Numerical modeling of intraplate deformation: Simple mechanical models of continental collision

Abstract

We study a model of continental collision in which one of the continents acts as a rigid die indenting the other plate which flows as an incompressible viscoplastic medium. We consider two extreme cases of plane deformation: (1) plane strain which corresponds to an infinitely thick lithospheric plate, and (2) plane stress corresponding to a very thin plate. Deformation of the lithosphere, a thick plate, should be intermediate between those extremes. We found that the flow in the plane strain case is quite similar to that obtained by slip line, theory. The plane stress results are quite different, since in this case most of the plate shortening is taken up by the thickening of the lithosphere. We also explored the role of boundary conditions on the flow, in particular, the role of the side walls containing the flow of the lithosphere.
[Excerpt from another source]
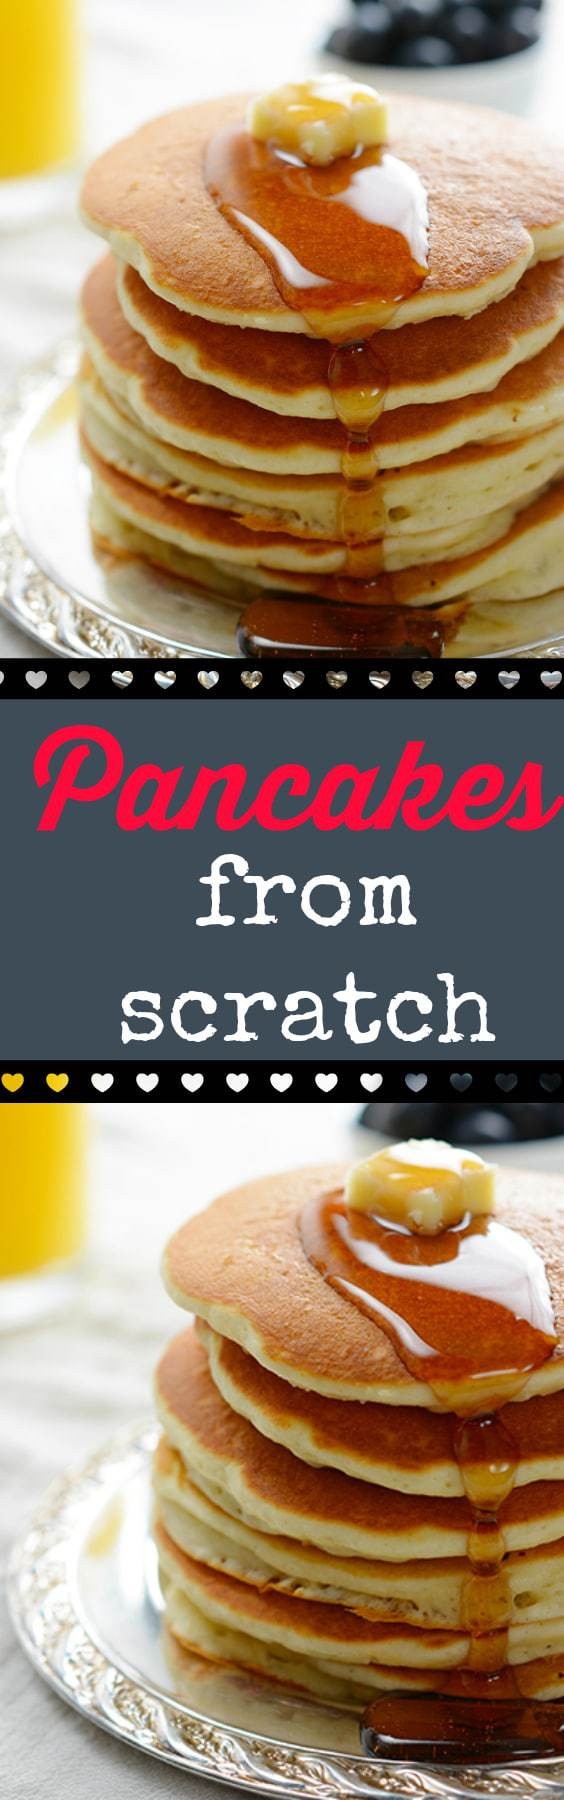 From Scratch Pancakes
 Pancakes From Scratch The Kitchen Magpie

In the case of a free lateral boundary the main feature is a flow of matter toward this free wall and a S‐like pattern for the horizontal stress field. For a rigid wall, on the other hand, the plane strain and the plane stress results are quite different. In the first case, there is a large return flow on the sides of the punch, the material being extruded along the only free surface available. In the plane stress case, the return flow disappears, and the material displaced by the penetration of the die tends to thicken the plate. The role of a nonlinear constitutive relation is studied for power law creep. As the power of the flow limit increases, the flow retains its general features, but the deformation localizes creating sharper contrasts between high and low strain rate areas; in plane stress, the effect of nonlinearity is to increase the contrasts in vertical motion. Available data for Asia are discussed in the light of the new results.